VfL holt Big Points in Freiburg und lässt erneut keinen Gegentreffer zu

Freiburg. Der VfL Wolfsburg gewann am 29.Spieltag durch zwei Treffer von Daniel Didavi (2. und 83. Minute) beim SC Freiburg vor 24.000 Zuschauer im Schwarzwald-Stadion. Dabei spielte den Grün-Weißen der frühe Führungstreffer in die Karten. Die Freiburger wirkten gegen einen gut organisierten Defensivverbund der Wölfe über weite Strecken harmlos, obwohl Nils Petersen nach annulierter Gelb-Rot-Sperre mitspielen durfte.

Chancen ergaben sich…

VfL-Cheftrainer Bruno Labbadia verhalf Paul Jaeckel in der Innenverteidigung zu seinem Bundesligadebüt und vertraute einem weiteren sehr jungen Spieler aus der VfL-Akademie. Durch den Ausfall von Jeffrey Bruma bot sich dem Nachwuchsspieler die Chance, die er sehr gut meisterte und eine fehlerfreie Leistung zeigte. Das Verletzungspech des VfL in dieser Saison zeigt sich allein schon auf dieser Position. Vier potentielle Innenverteidiger sind teilweise langwierig verletzt oder fallen immer wieder einmal aus.

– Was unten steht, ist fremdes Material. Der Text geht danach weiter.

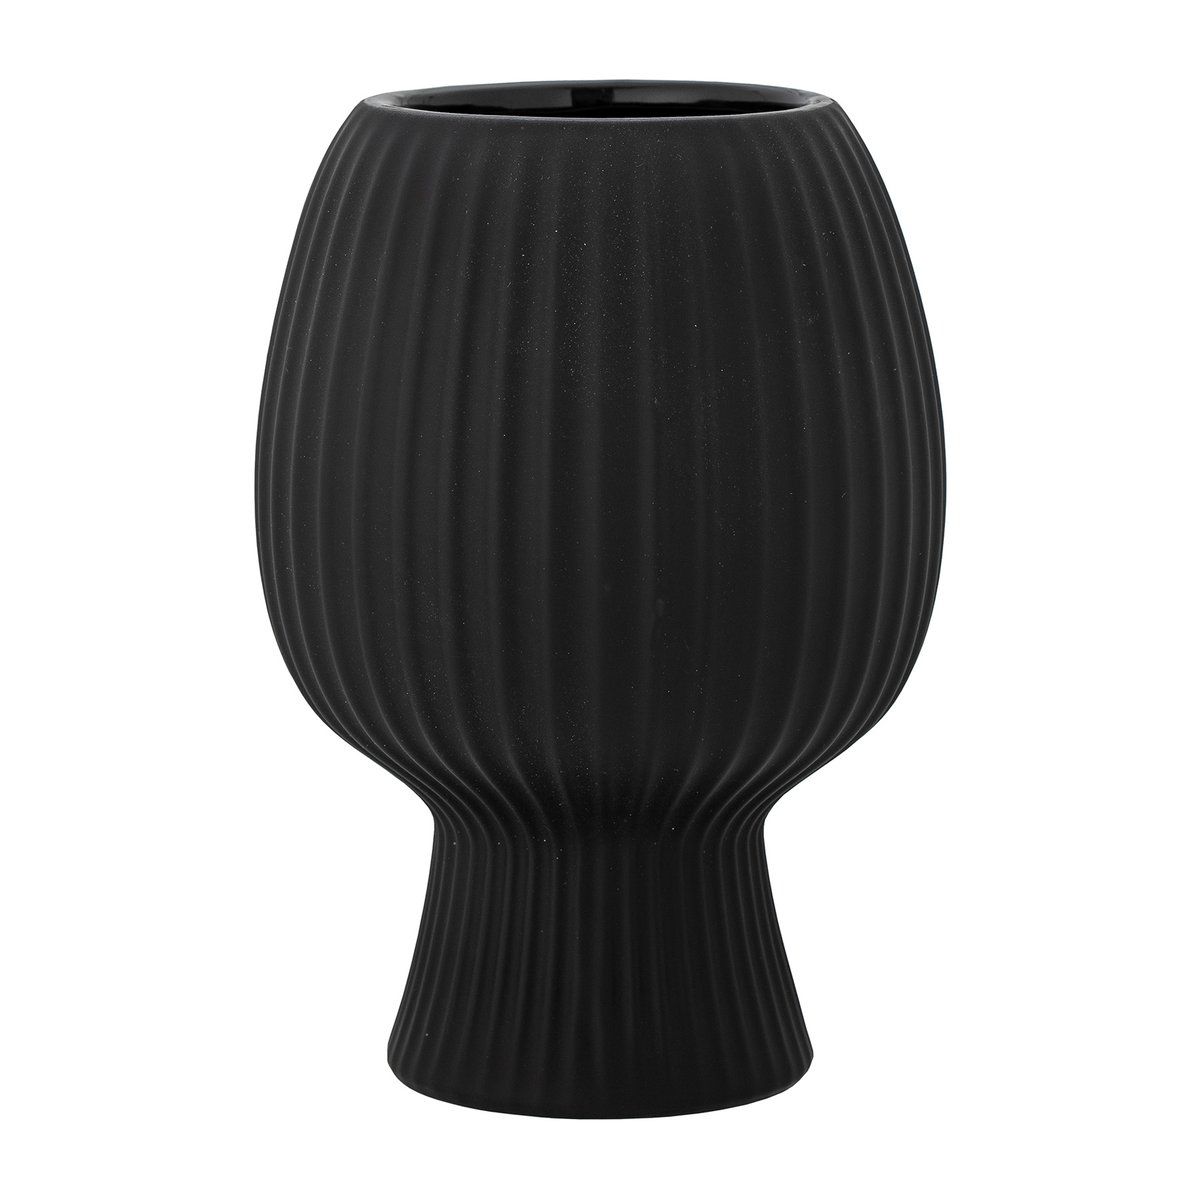 Bilde av Bloomingville Dagny vase 215 cm Svart

Für den gesperrten Josuha Guilavogui stand Daniel Didavi in der Anfangsformation, obwohl er am Abschlusstraining aufgrund von Adduktorenbeschwerden nicht teilnehmen konnte. Nach einem eingehenden Gespräch mit dem Coach kam man jedoch überein, einen Startelfeinsatz zu riskieren. Auch Yunus Malli fand wieder Berücksichtigung und durfte von Beginn für Victor Osimhen ran.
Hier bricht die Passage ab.